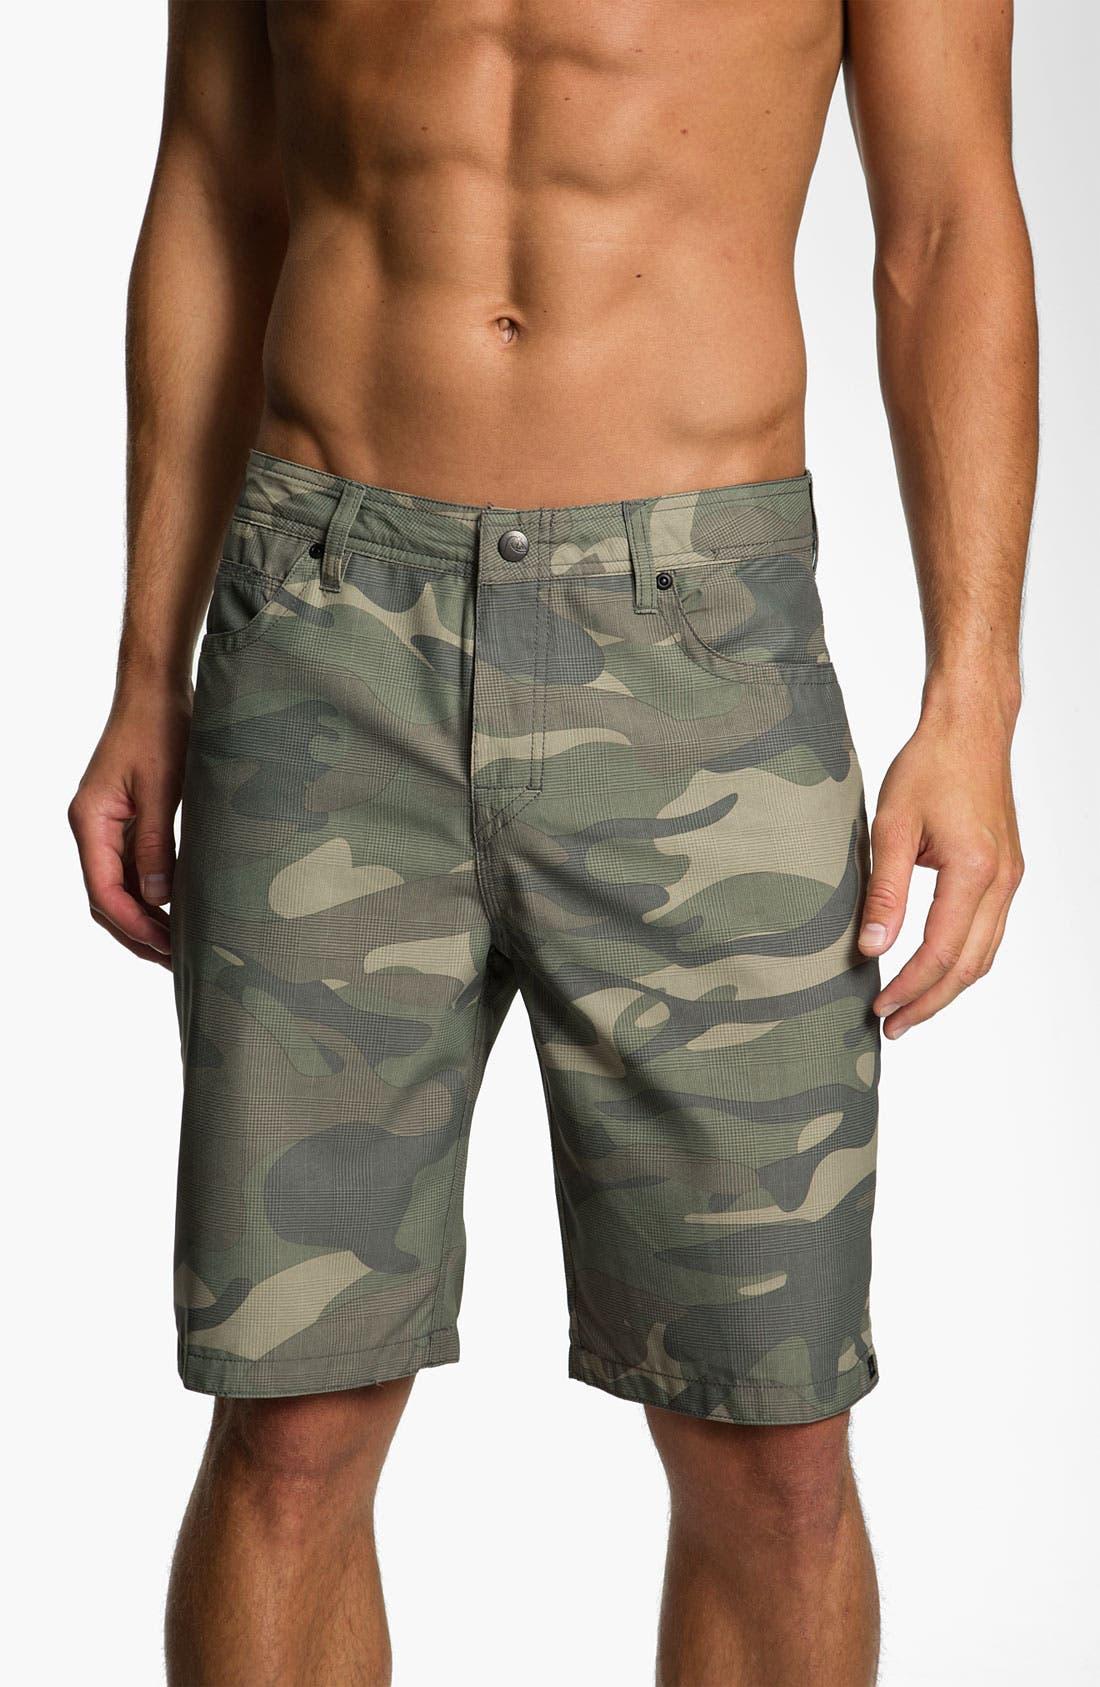 Alternate Image 1 Selected - Quiksilver 'Kickdrum' Shorts
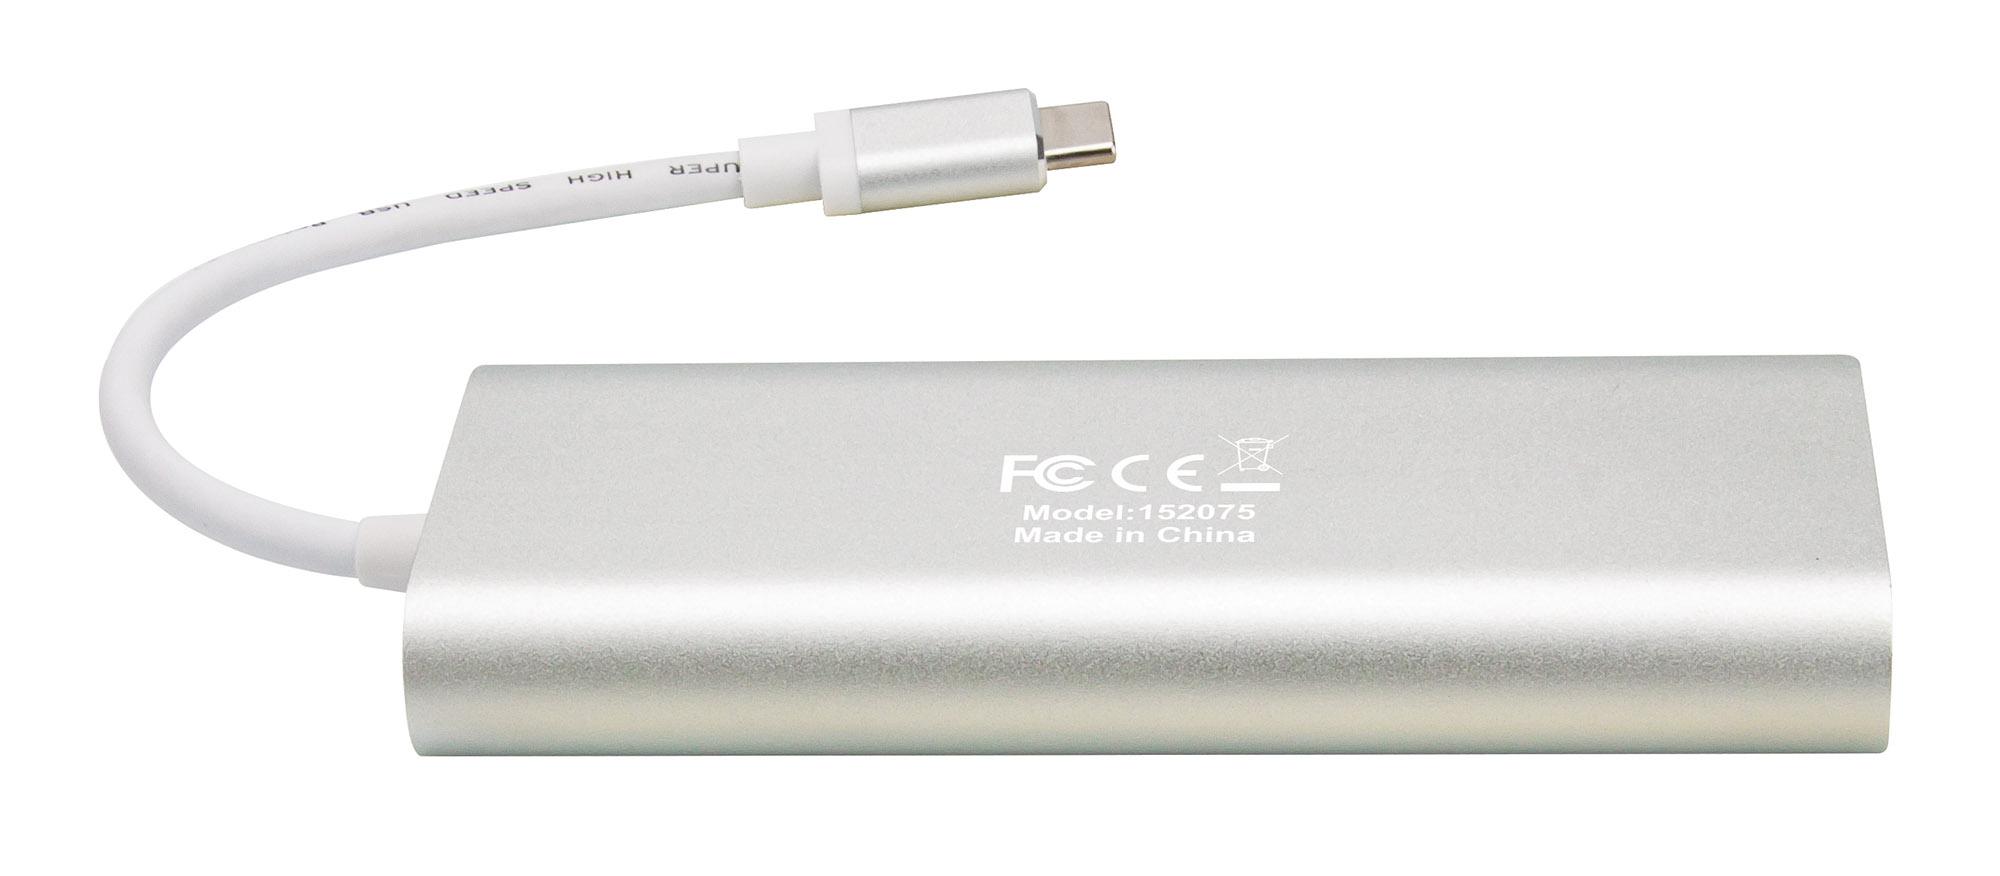 SuperSpeed USB-C Multiport Adapter
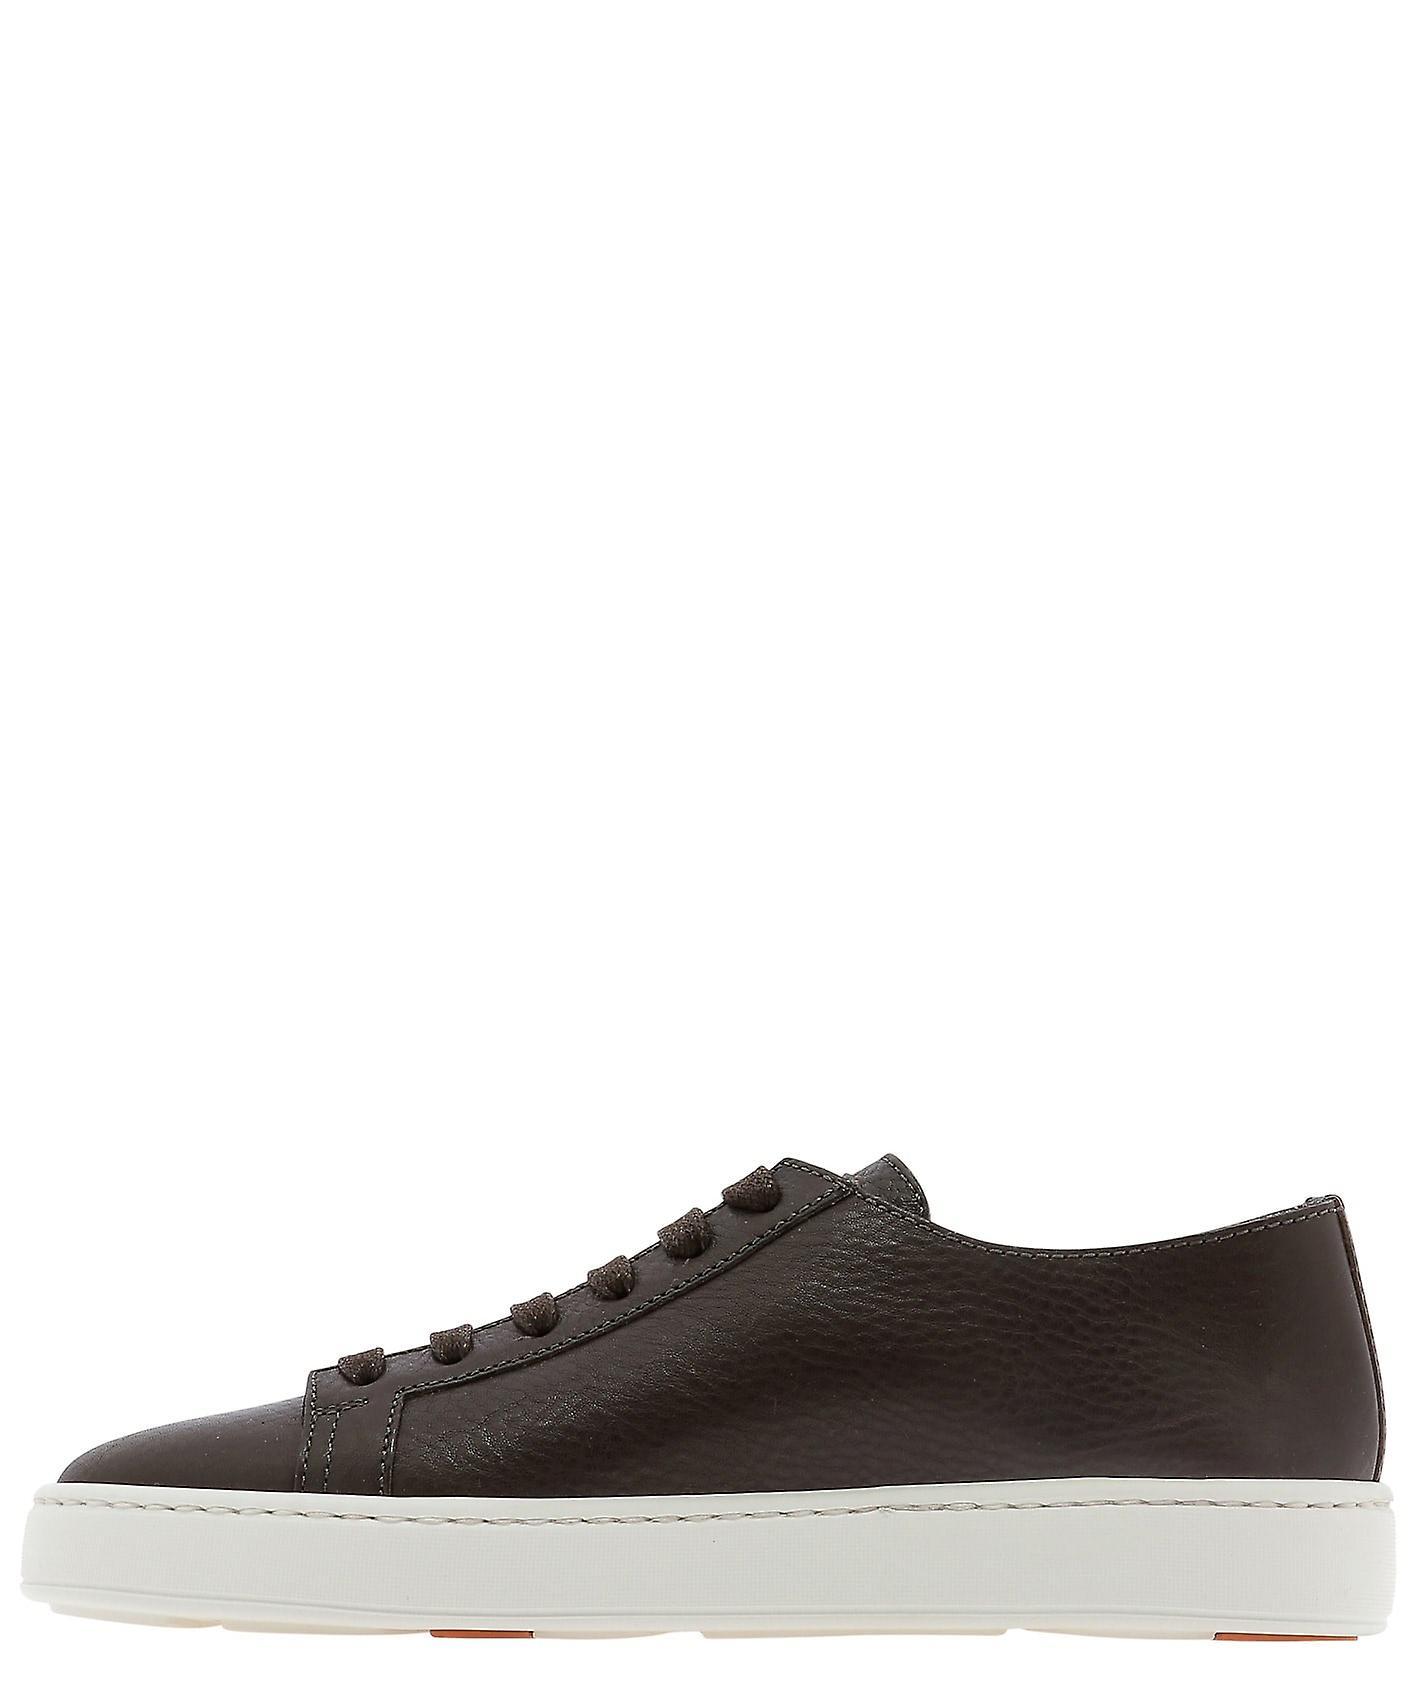 Santoni Mbcn21332barct0vt50 Men-apos;s Brown Leather Sneakers

→ WHAT IS EXPECTED: Pictures stay out. Write out everything else in the material exactly.

→ RESPONSE TO THE EXERCISE:
 Alternate Image 1 Selected - Quiksilver 'Kickdrum' Shorts
 SuperSpeed USB-C Multiport Adapter
 Santoni Mbcn21332barct0vt50 Men-apos;s Brown Leather Sneakers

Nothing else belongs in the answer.